Canadians resorted to sharing screenshots of news copy on social media during last year’s abnormal wildfire season. On August 1, the tech behemoth introduced a news ban in Canada, amid a state of public emergency.

Owing to Bill C-18, the Online News Act, a pop-up notification prevents posts from anyone trying to share stories and inform their friends and family impacted by out-of-control wildfires.

The censor prevents residents from sharing critical news sources as the disasters unfold, including wildfire locations and evacuation plans.

However, Smith said television and radio adopt an ‘all hands on deck approach’ when emergencies hit to relay news. 

“Often what you'll find is that news entities will turn over all their coverage to make sure that people have the information that they need,” she said.

The premier also conveyed that the province has several mechanisms at its disposal to relay information promptly.

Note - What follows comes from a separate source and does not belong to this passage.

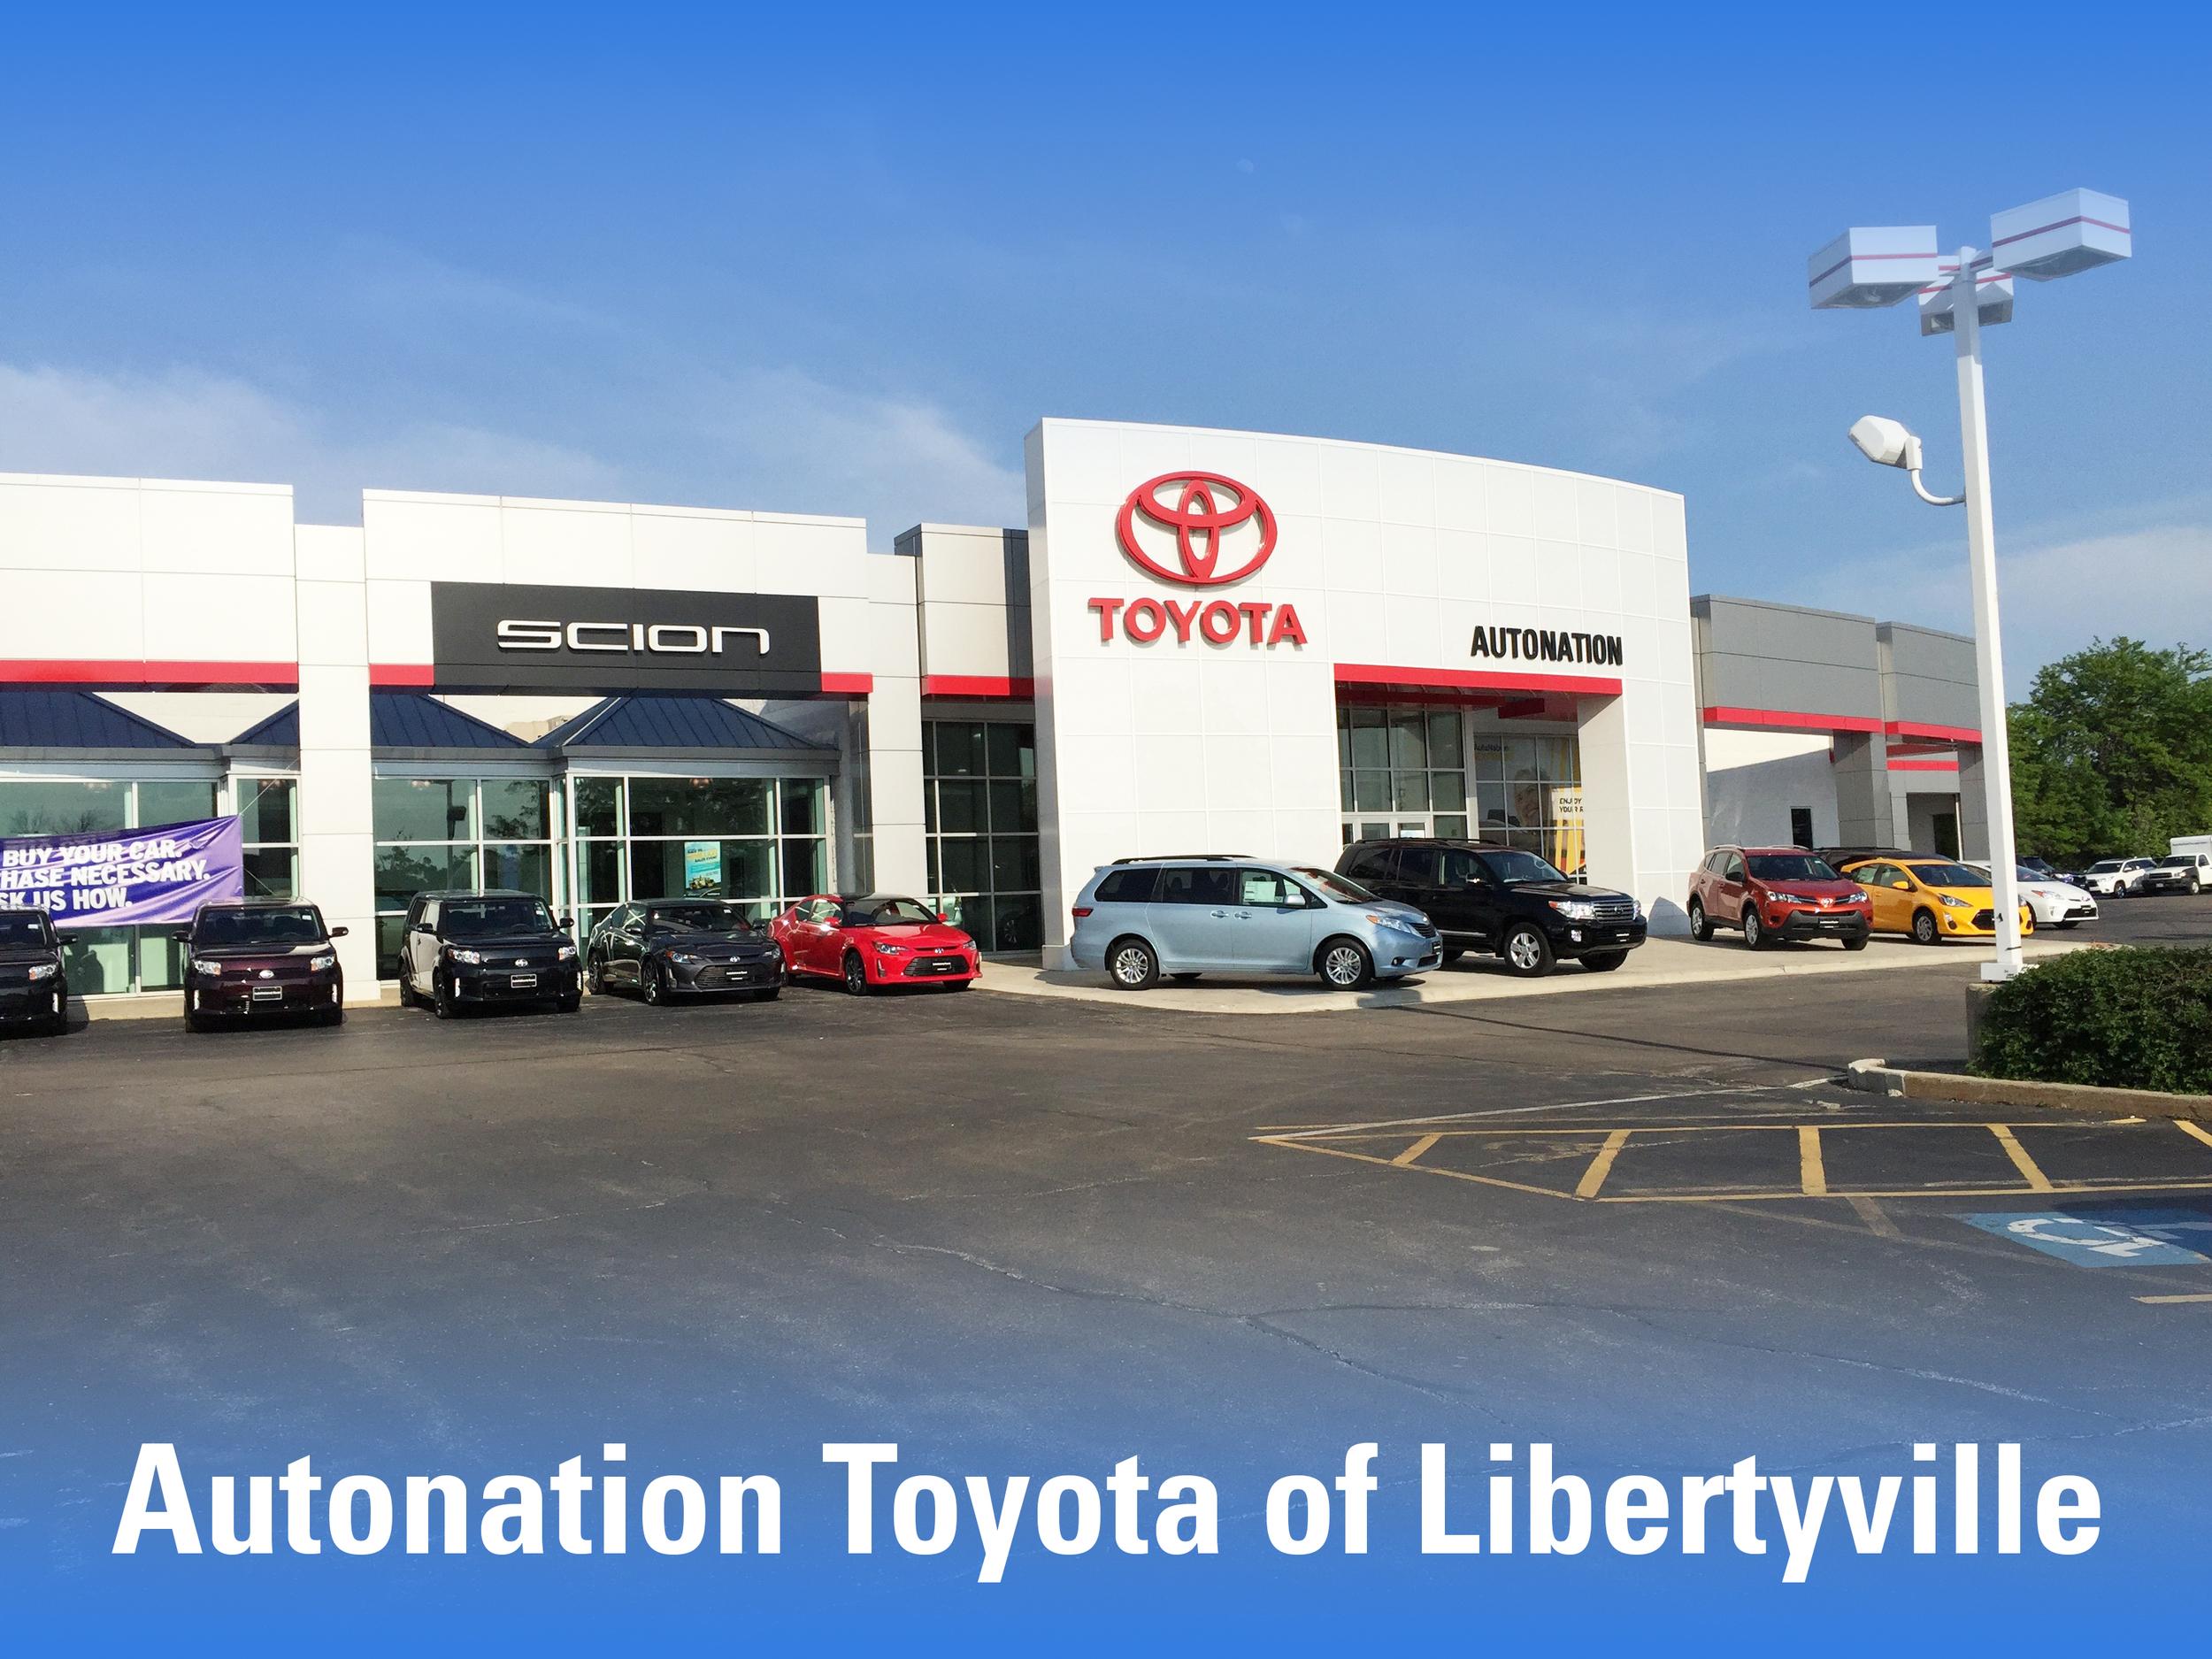 Libertyville Toyota.jpg

“We do situation reports so that we're able to give information that way, and we've also done telephone town halls for affected communities,” Smith told Rebel.

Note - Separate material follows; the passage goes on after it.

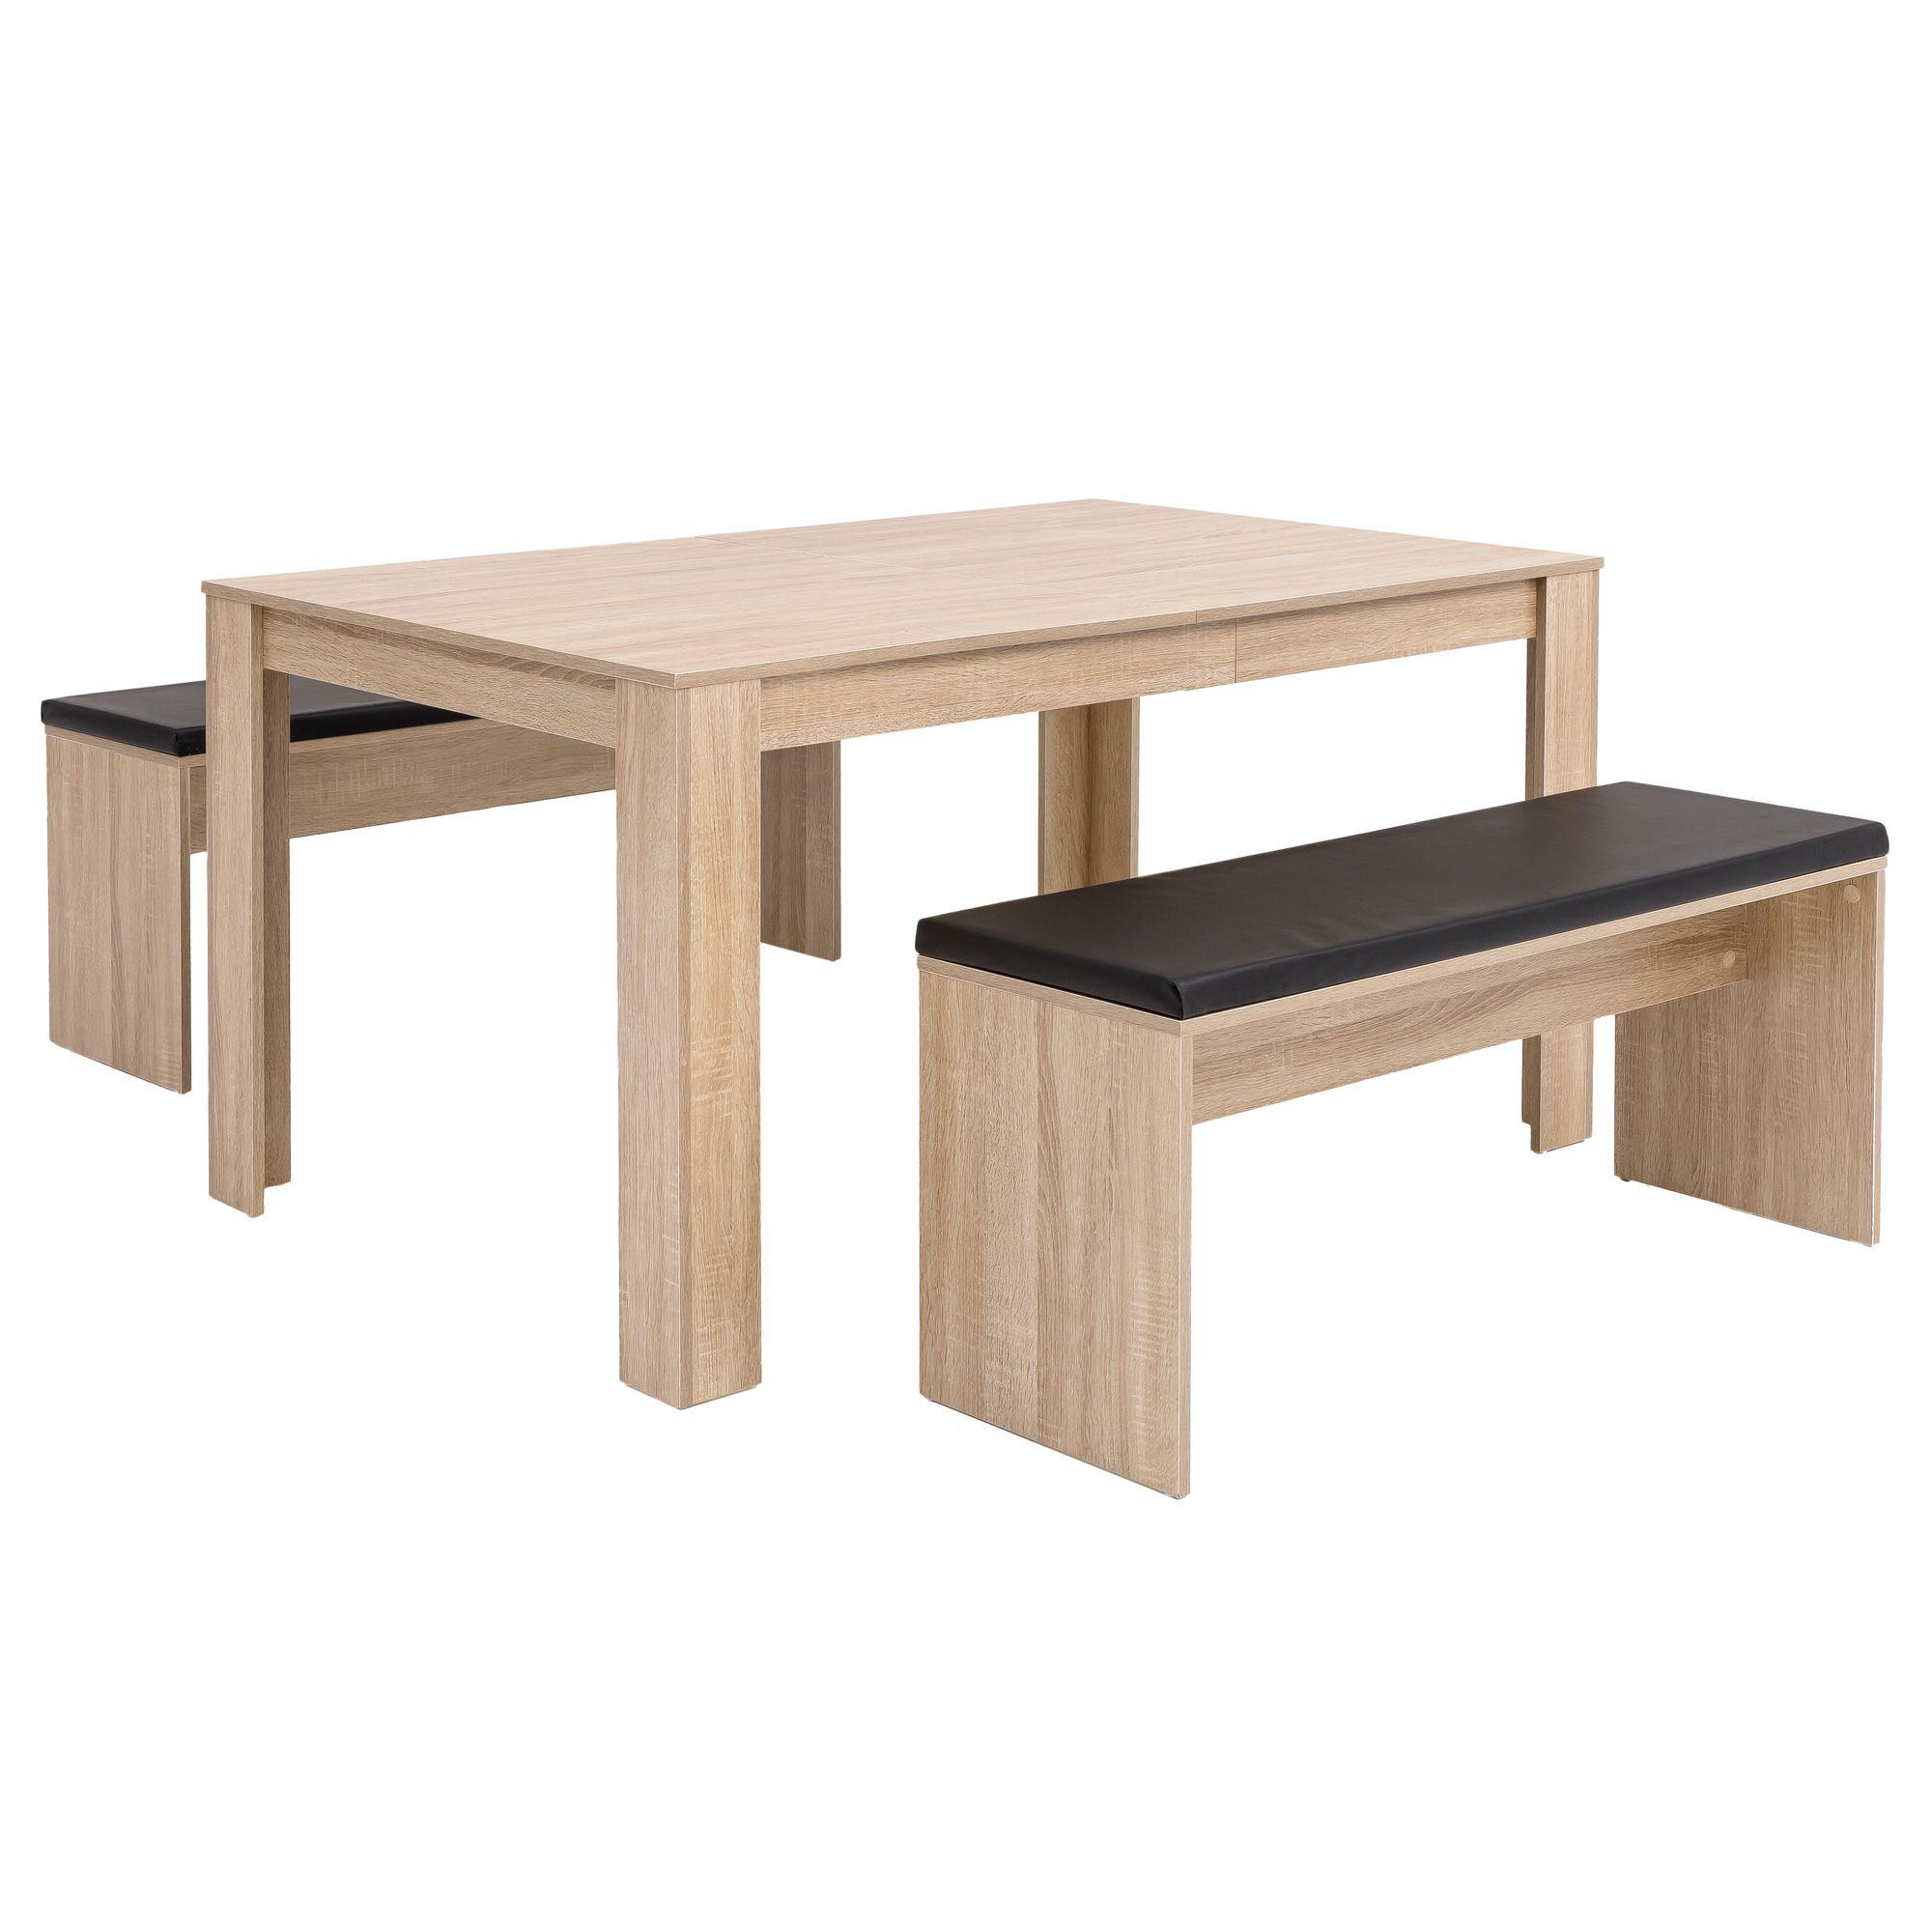 Full Size of Küche Sitzgruppe Klein Sitzgruppe Küche Mömax Sitzgruppe Küche Roller Sitzgruppe Küche Grau Küche Küche Sitzgruppe

“When we have a major disaster, we make our officials available on a daily basis to be able to give updates sometimes more frequently,” she added.

One resident told CBC News she decamped twice last summer as out-of-control wildfires eviscerated the N.W.T. and threatened lives. 

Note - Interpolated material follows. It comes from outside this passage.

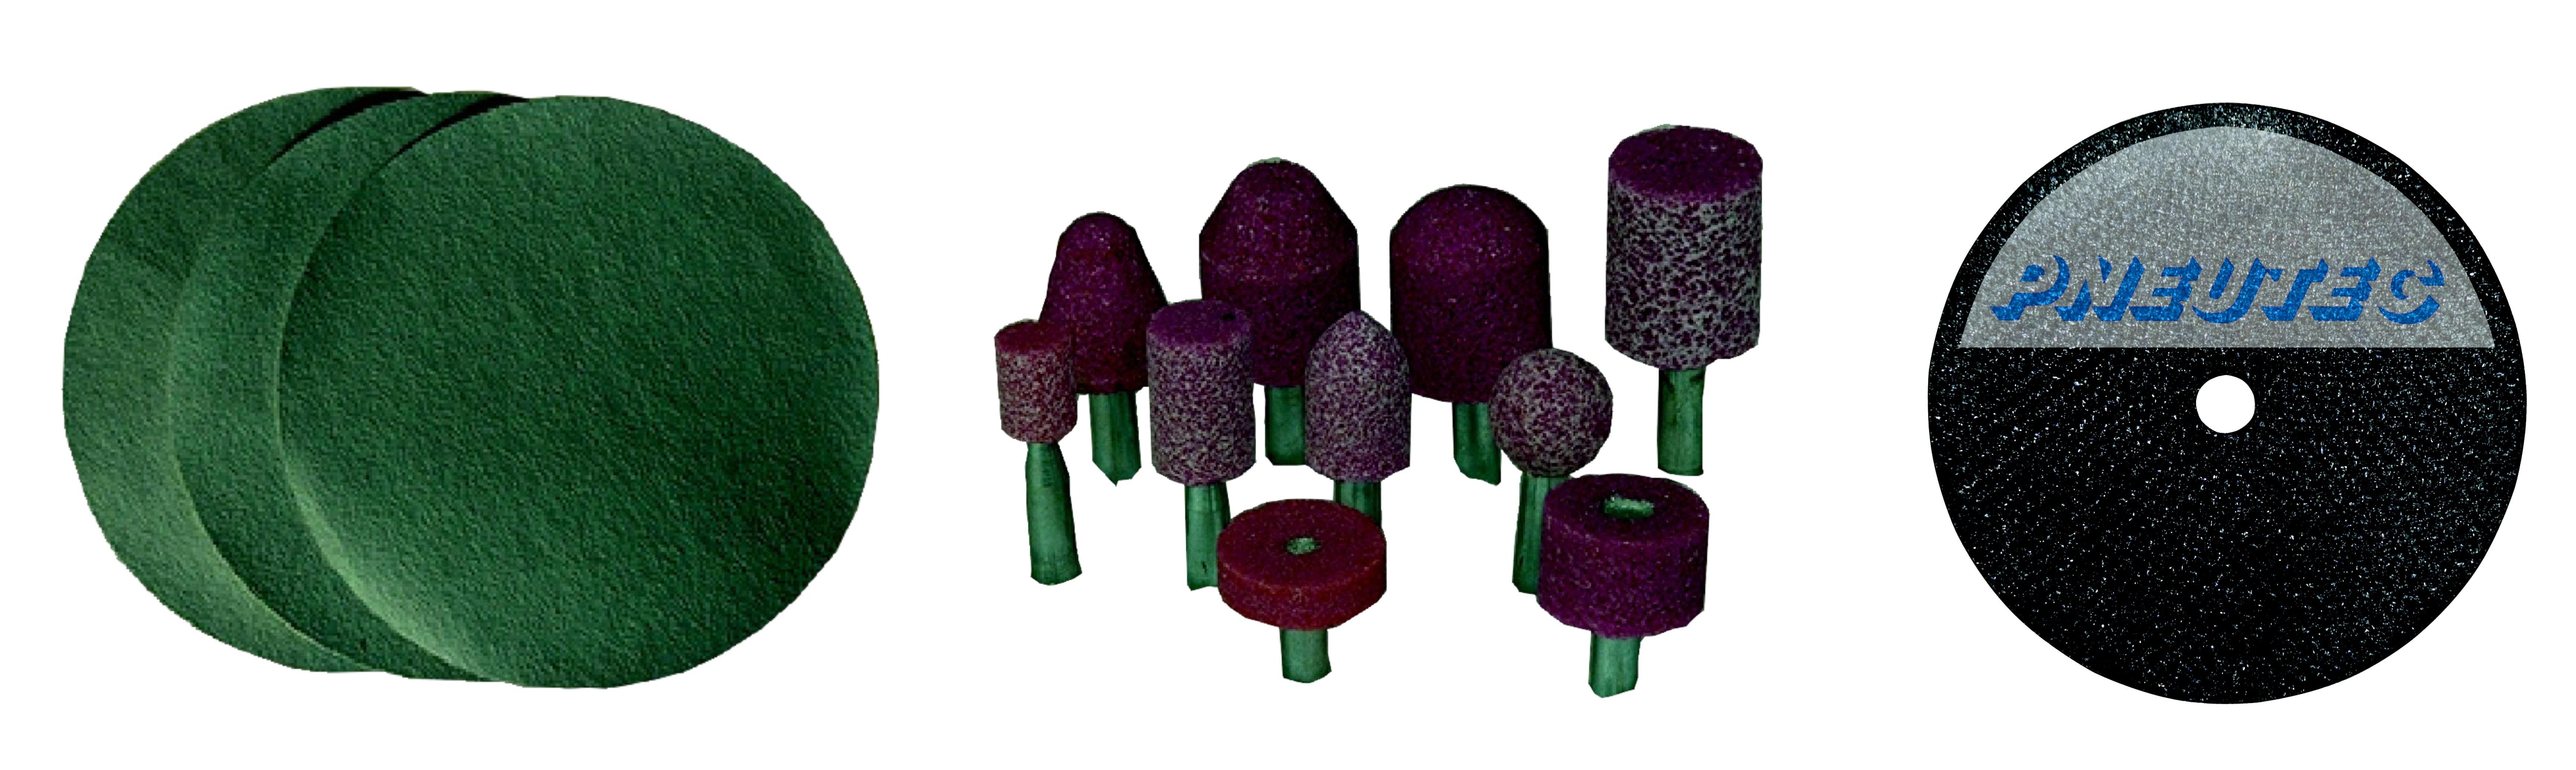 Csiszoló és polírozó gépek tartozékai

A wildfire is classified as out of control at approximately 1,500 hectares.

Delaney Poitras of Fort Smith, N.W.T., left for Hay River on August 19, and was on the move again the following day for an evacuation centre in Leduc, Alberta. “I've never been evacuated in my life, and to do it twice in 24 hours, it was scary,” she said.

She attributed the scuffle between Meta and the federal government for antagonizing an already difficult situation, with thousands left in the dark.

Prime Minister Justin Trudeau and Heritage Minister Pascale St-Onge accused Meta of putting ‘profits before safety.’

St-Onge condemned the news censor with tens of thousands of Canadians fleeing their homes to escape raging wildfires. “We need more news right now, not less,” said the minister.

At the time, N.W.T. evacuated its capital, Yellowknife—home to 25,000 residents. Tens of thousands more fled their homes in Alberta under duress.

According to the Alberta government's Wildfire Status Dashboard, the province recorded 973 wildfires then—up from 829 wildfires in 2022. Their intensity surpassed the previous provincial record on June 12 at an estimated 1,400,021 hectares.

“It's time for us to expect more from corporations like Facebook that are making billions of dollars off Canadians,” added Trudeau.

Last summer, Poitras had difficulty sharing information with her Facebook friends. 

“It's difficult to find the correct information to share with all the people I have on Facebook,” she said, “but I try to do my best to make sure that it's correct.”

“In our community, the protective services and the RCMP [went] door to door. I guess some people […] didn't answer the door or weren't aware that this was even going on.”

In response, Meta activated the “Safety Check” feature on Facebook, allowing users to inform loved ones they are safe during a natural disaster or crisis.

"People in Canada can continue to use our technologies to connect with their communities and access reputable information, including content from official government agencies, emergency services and non-governmental organizations," reads an emailed statement from the tech company.

Meta earlier said news sharing constitutes only 3% of Facebook content but did not clarify why the ban remained in place during prior states of local emergency.

On Thursday, Smith said does not anticipate any barriers during states of local emergency this year.

N.W.T. RCMP earlier told Rebel that the news ban did not impact the sharing of information with the public. “We have not heard of anyone having difficulty accessing information related to the evacuation orders,” said RCMP spokesperson Cpl. Matt Halstead.

Mike Ellis, Minister of Public Safety and Emergency Services, chimed in that Alberta’s emergency alert system is also at their disposal. “It worked this year,” he said.